The Cube 3D project represents an initial step towards comprehensive 3D intelligence, with ongoing research focusing on:

- Enhanced 3D object generation
- More sophisticated scene creation
- Improved text-to-3D conversion techniques

### Responsible Use

As an experimental AI technology, users are encouraged to:

- Verify generated assets for accuracy and appropriateness
- Use the model ethically and in compliance with relevant guidelines
- Understand that generated outputs may vary in quality and fidelity

## Contributing

We welcome contributions to the project! To ensure a smooth collaboration, please follow these guidelines:

### Pull Request Process
1. Fork the repository and create your branch from `main`.
2. Ensure any new code follows the project's coding standards.
3. Update relevant documentation to reflect your changes.
4. Your pull request should include:
- A clear summary of changes
- Context and rationale for modifications
- Testing instructions
- Any potential breaking changes or new dependencies

### Code Style
- Use Python 3.7+ compatible code
- Follow standard Python formatting conventions
- Use type hints where appropriate

### Development Setup
- Minimum Python version: 3.7
- Install development dependencies with `pip install .[lint]`

### Linting
- The project uses `ruff` for code linting (version 0.9.10)
- Run linter checks before submitting your pull request

### Testing
- Ensure all tests pass before submitting a pull request
- Add tests for new functionality
- Maintain or improve overall test coverage

### Reporting Issues
- Use the GitHub issue templates for bug reports, feature requests, or documentation improvements
- Provide clear, reproducible steps for any bugs discovered

### Security
If you discover a security vulnerability:
- Do NOT create a public issue
- Report vulnerabilities through the HackerOne bug bounty program: https://hackerone.com/roblox

### Code of Conduct
Be respectful, inclusive, and considerate of other contributors.
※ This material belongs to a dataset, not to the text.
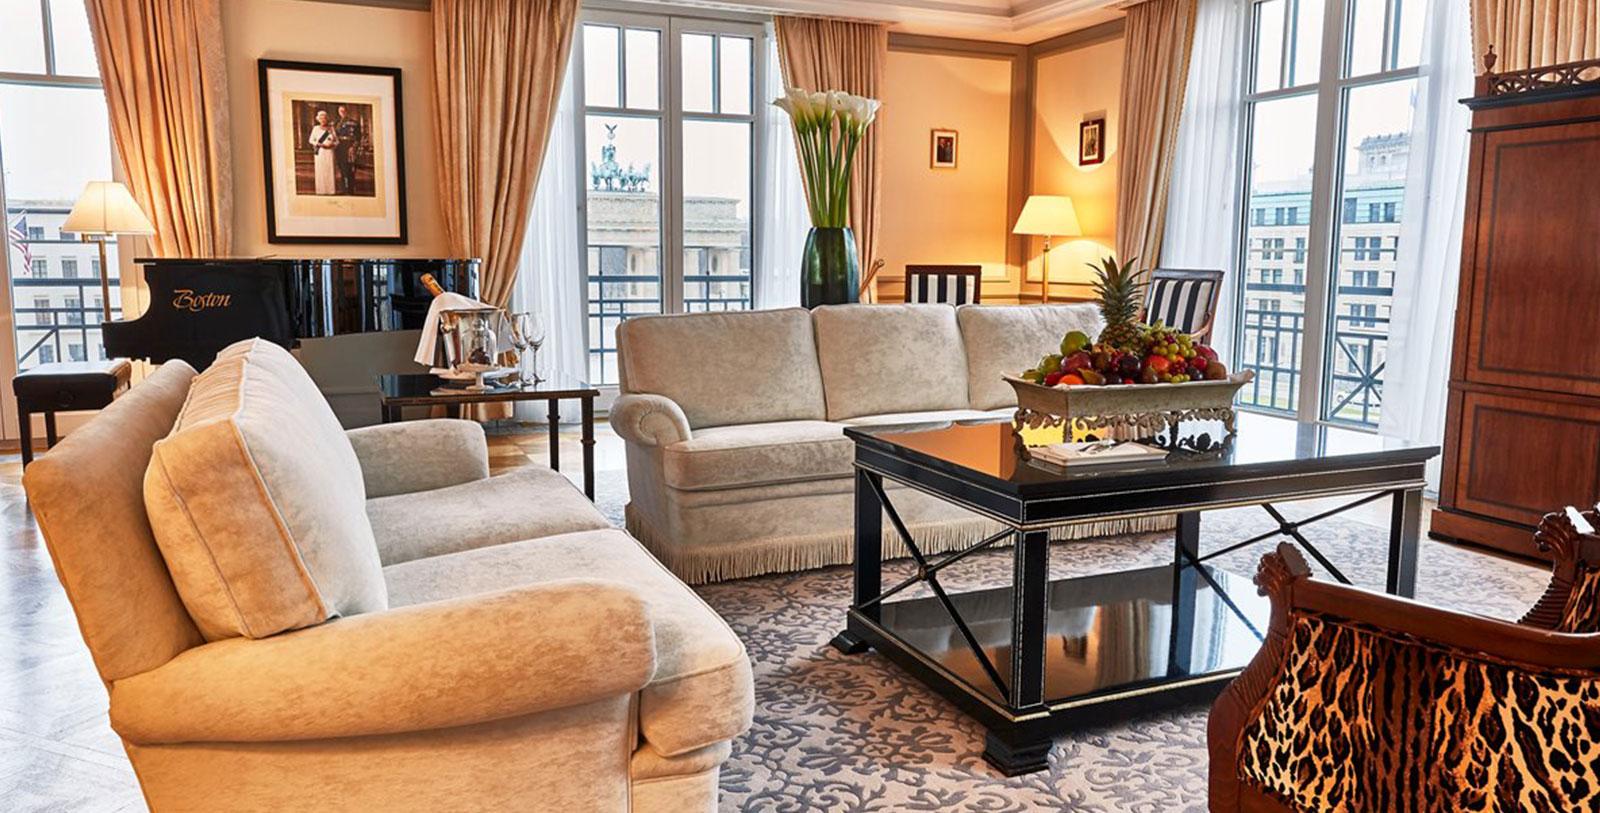 Image of Royal Suite Living Room Interior, Hotel Adlon Kempinski, Berlin, Germany, 1907, Member of Historic Hotels Worldwide, Accommodations

Harassment and discrimination are not tolerated.

### Ownership
This project is maintained by @Roblox/aicube. All contributions are subject to review by the core team.

## License

The project is licensed under the **Cube3D Research-Only RAIL-MS License**.

### Key License Highlights

- This is a research-only license with specific use restrictions
- The license applies to Cube3d-v0.1 and related inference code
- Usage is strictly limited to academic or research purposes

### Important Restrictions

The license includes comprehensive use restrictions, including:
- Prohibitions on discrimination
- Intellectual property protections
- Restrictions on generating harmful or unlawful content
- Limitations on military, law enforcement, and health-related applications

### Full License Details

For the complete and legally binding license terms, please refer to the [LICENSE](LICENSE) file in the repository. Users must carefully review and comply with all terms before using this software.

#### Disclaimer

THE SOFTWARE IS PROVIDED "AS IS", WITHOUT WARRANTY OF ANY KIND. The licensors are not liable for damages arising from its use.